[Raw data]

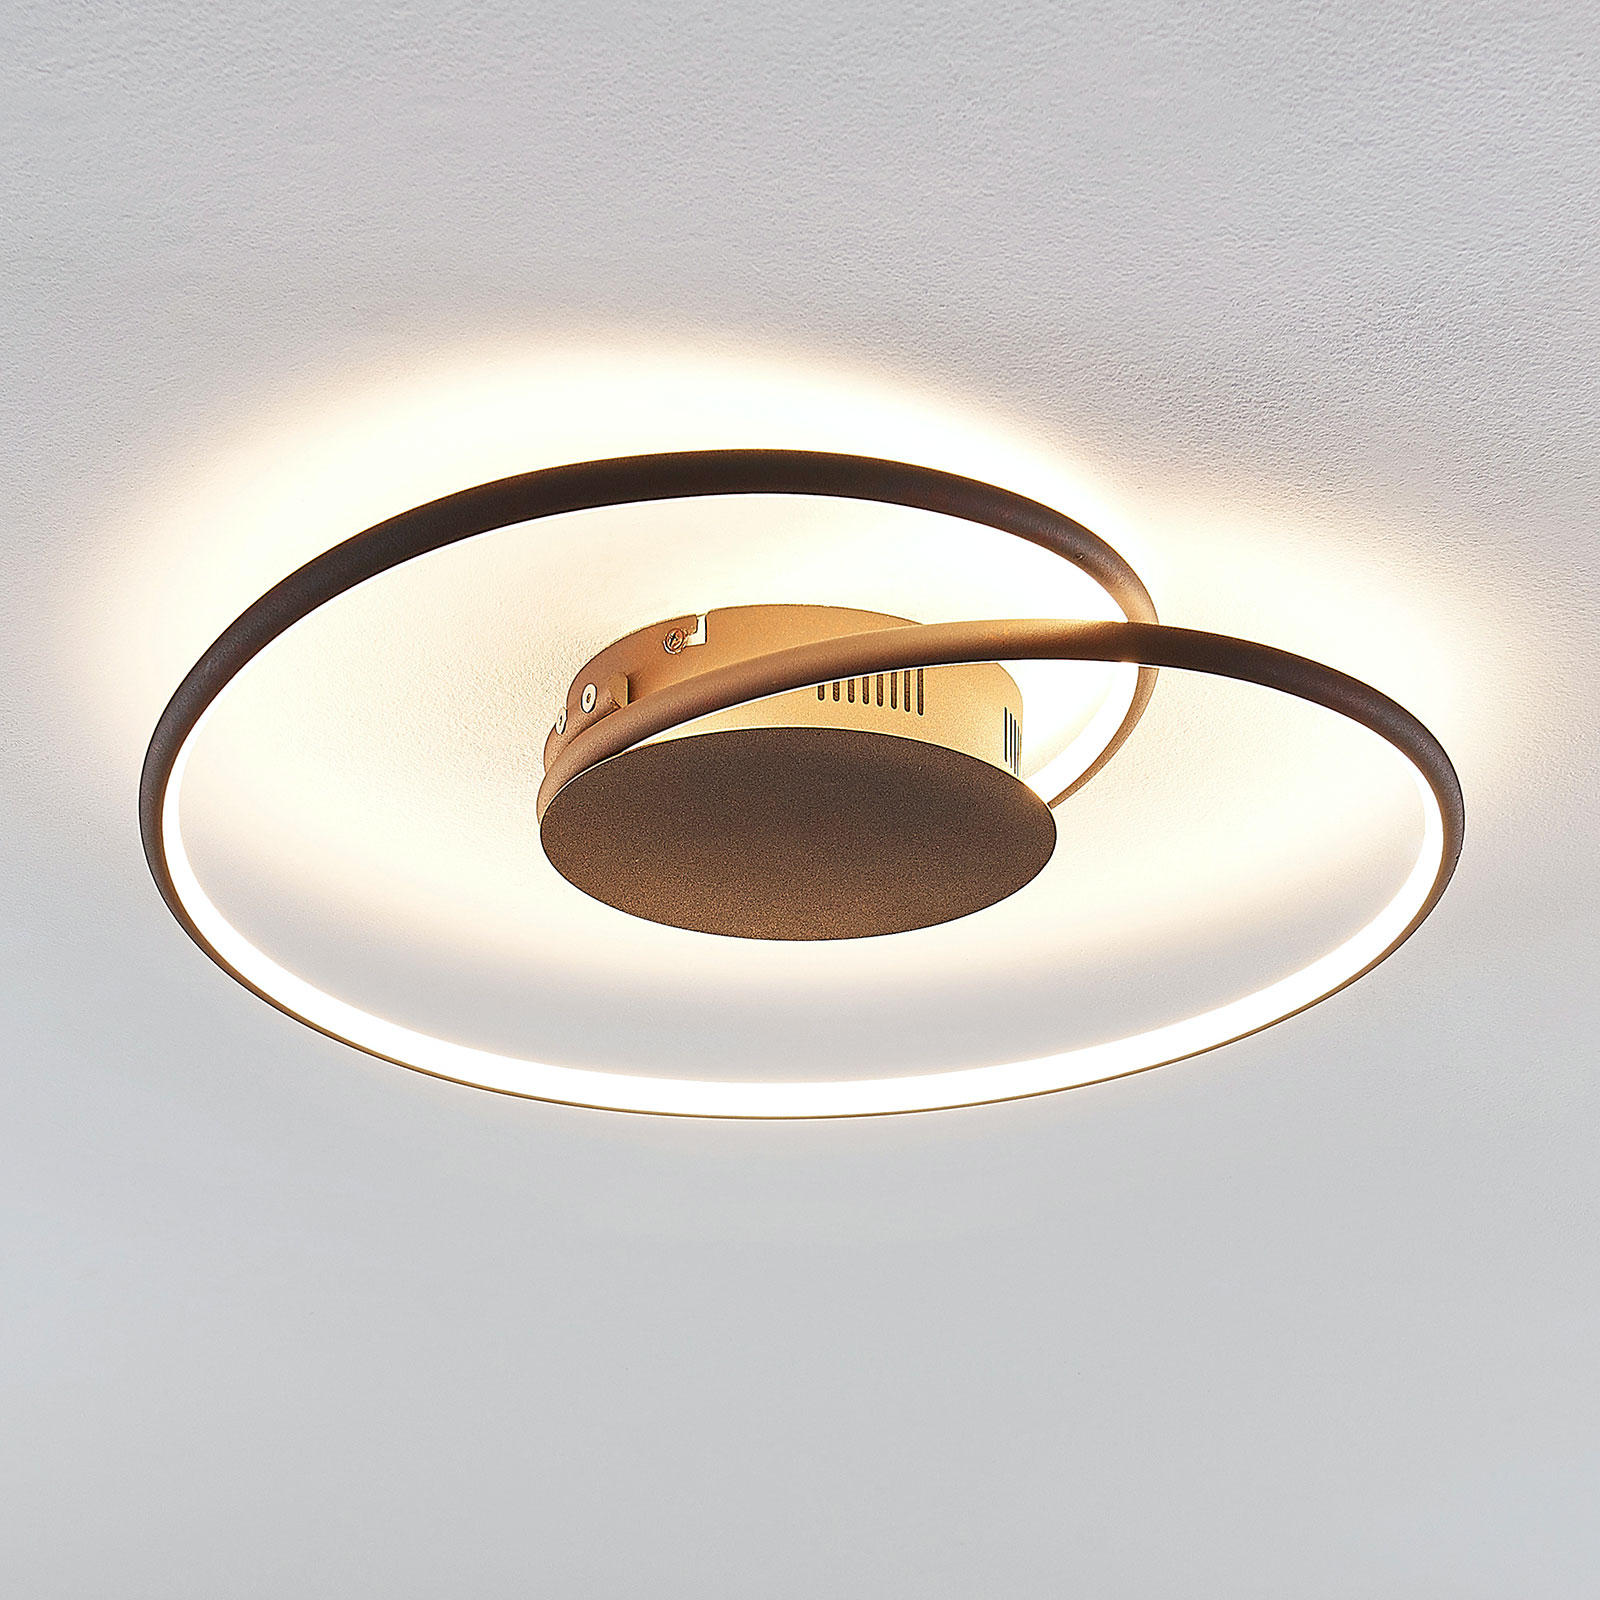 Lindby Joline lampa sufitowa LED, 45 cm
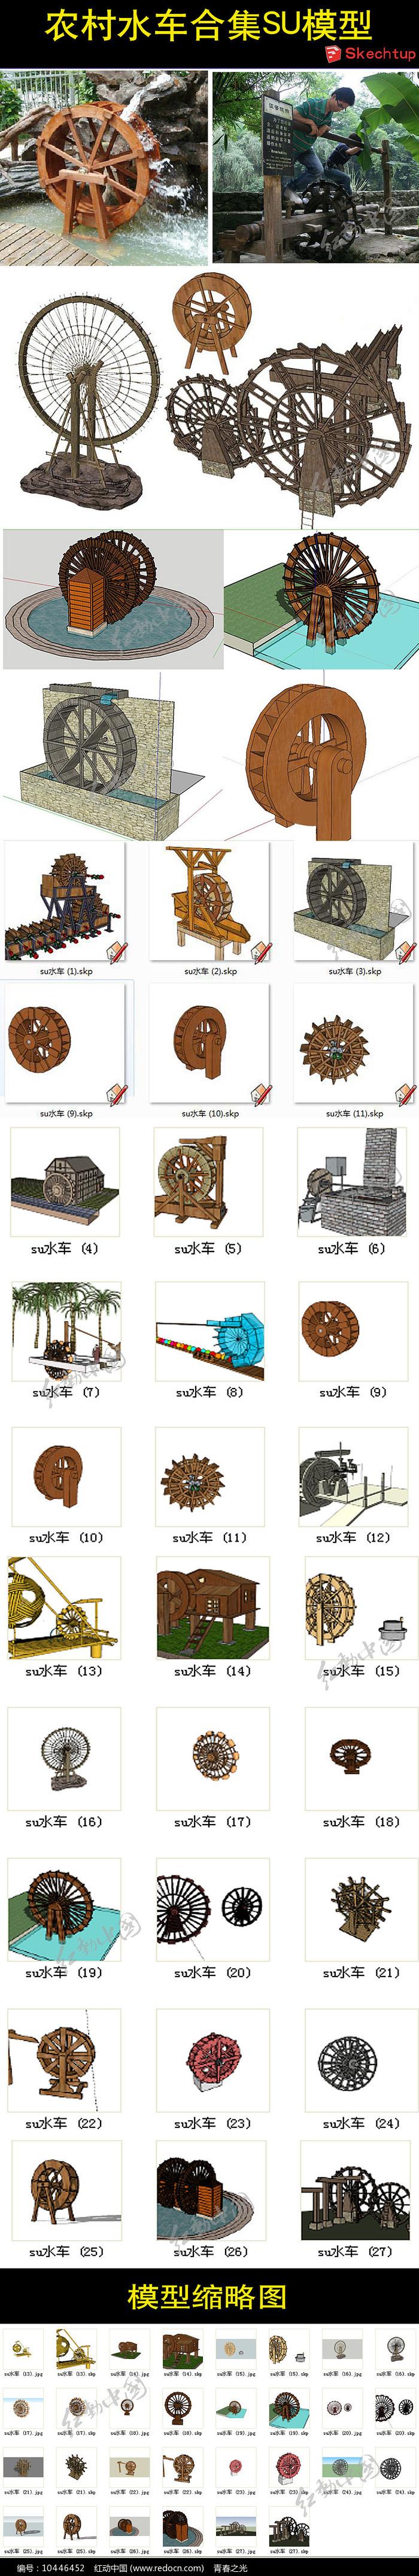 农村水车合集SU模型图片
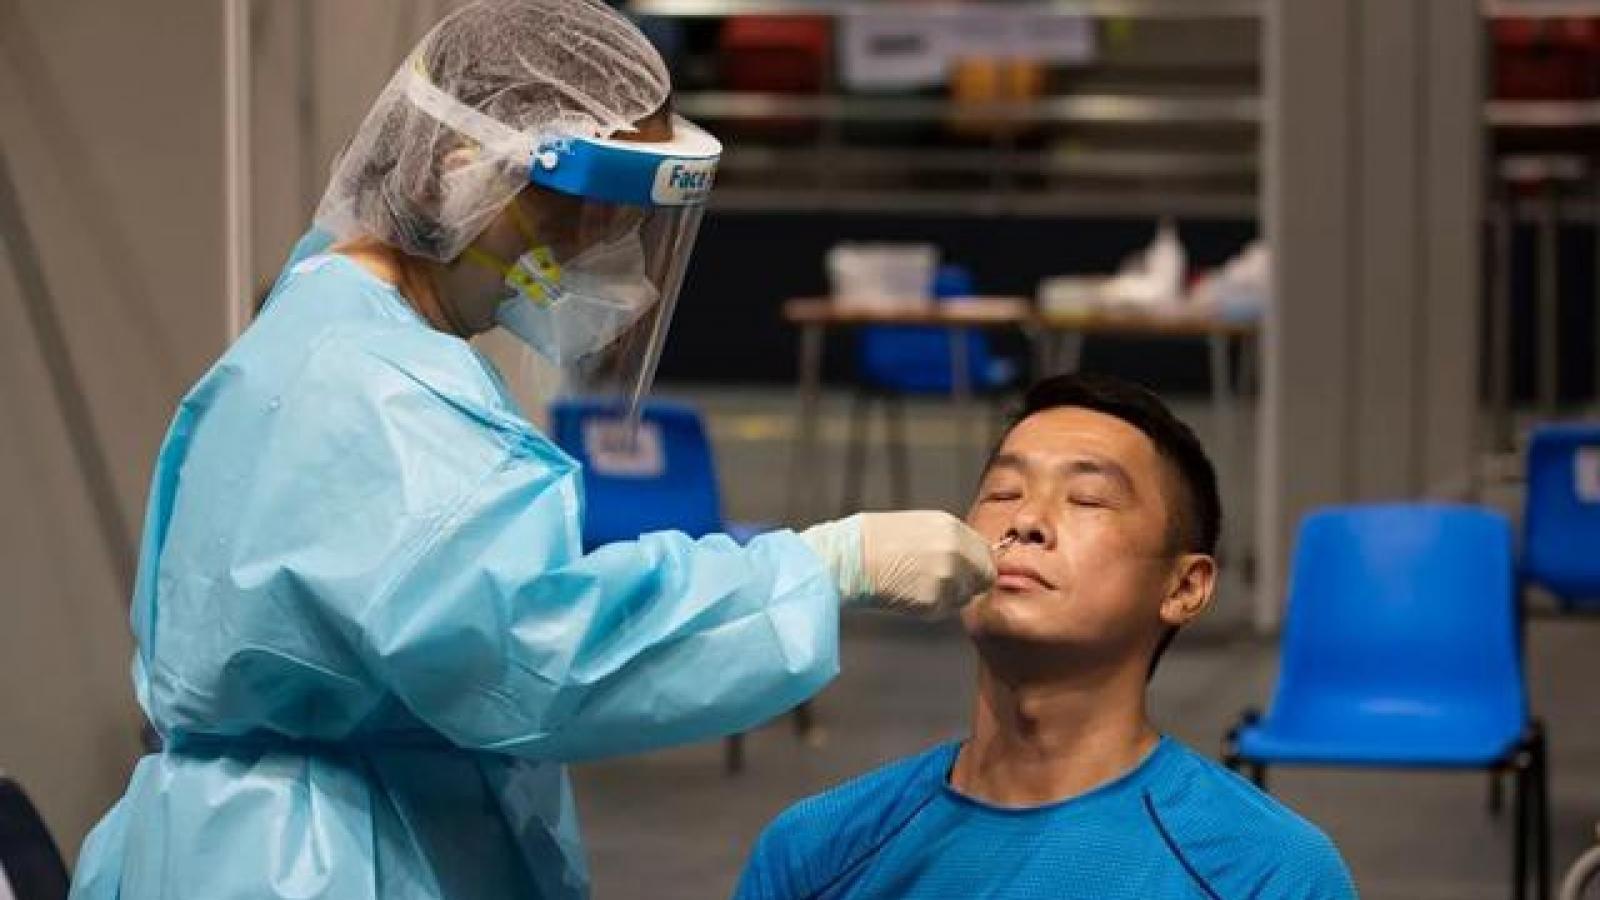 Trung Quốc đại lục tiếp tục hỗ trợ Hồng Kông chống COVID-19

[/Raw data]

To do: Reproduce the material word for word, pictures excluded.

Response:
 Lindby Joline lampa sufitowa LED, 45 cm
 农村水车合集SU模型图片
 Trung Quốc đại lục tiếp tục hỗ trợ Hồng Kông chống COVID-19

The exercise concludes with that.